New deep learning-based algorithms may not only facilitate standardization based on kernel variation, but also allow to improve the image quality of ULDCT. Research in a phantom has found no significant differences in nodule volume were found based on volume measurements on deep learning post-processed images from ULDCT and the physical nodule volume.[56] Others studies have shown that deep learning denoising techniques can increase image quality compared to FBP and iterative reconstructed ULDCT images and can preserve structural details in the CT image.[57,58] The high image noise present in ULDCT can thus be reduced by these new algorithms, beyond the vendor specific iterative reconstruction techniques, while maintaining image resolution and contrast. This will enable to apply ULDCT in a wider range of screening participants and assists in standardization of CT image quality across CT systems of different vendors.

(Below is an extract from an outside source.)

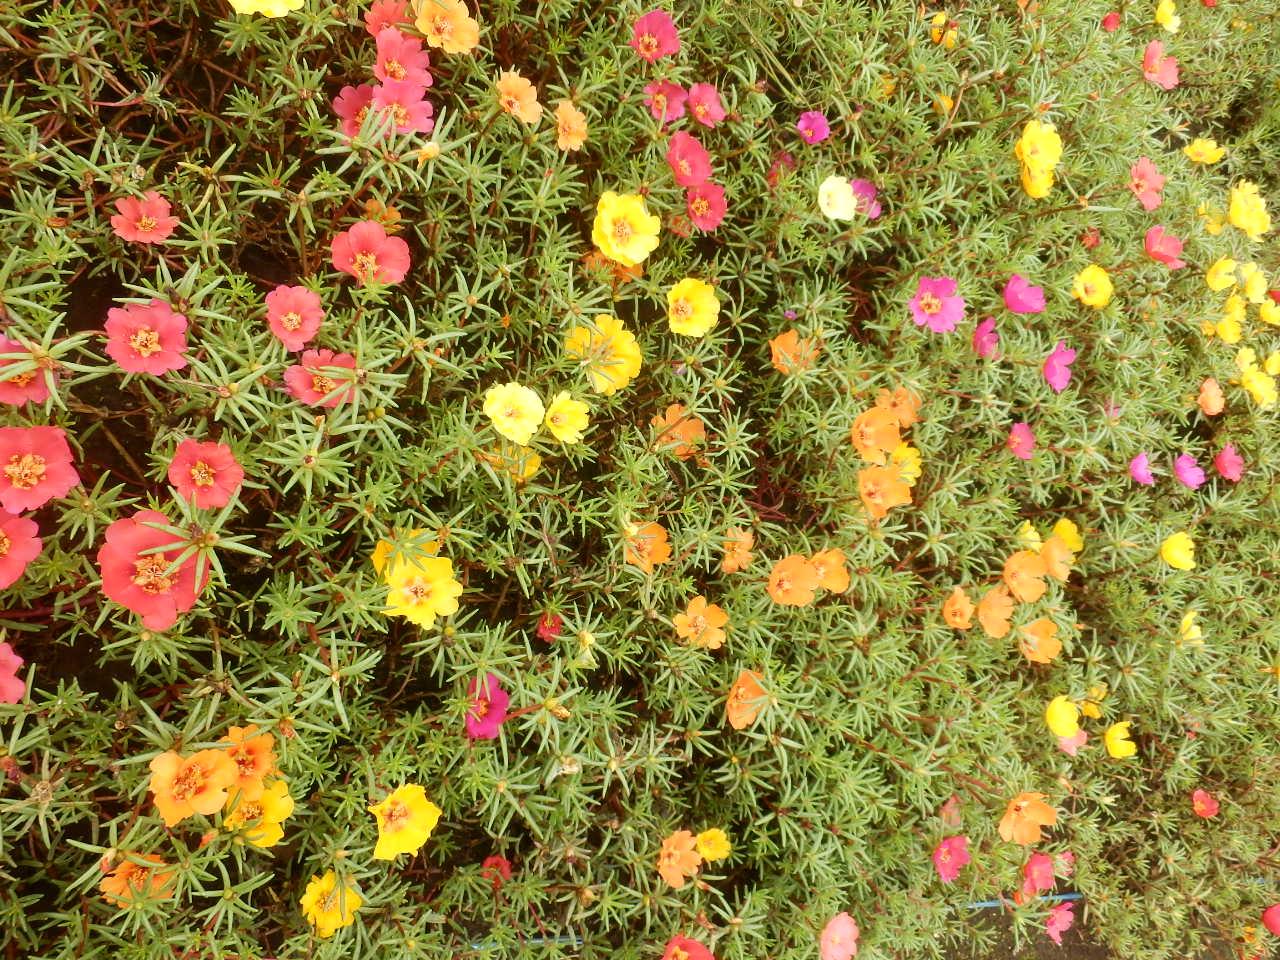 Hoa mười giờ nhiều màu sắc

Currently, the International Association for the Study of Lung Cancer (IASLC) is developing the Early Lung Imaging Confederation (ELIC), with the goal to serve as an global open-source cloud with LDCT images.[59] The ELIC cloud will include high-quality thoracic CT images, that have passed the standardized image quality processes. These high-quality images may then be used in global quantitative lung imaging studies to improve the reliability of clinical decision support in CT lung cancer screening and beyond. The new developments described in this review are very promising to accelerate and optimize the accuracy and precision of lung nodule quantification. After further research, these aspects will have to be included in the standardized protocols and recommendations for lung cancer screening. Recommendations from European, US, and global organizations that include these developments are to be awaited.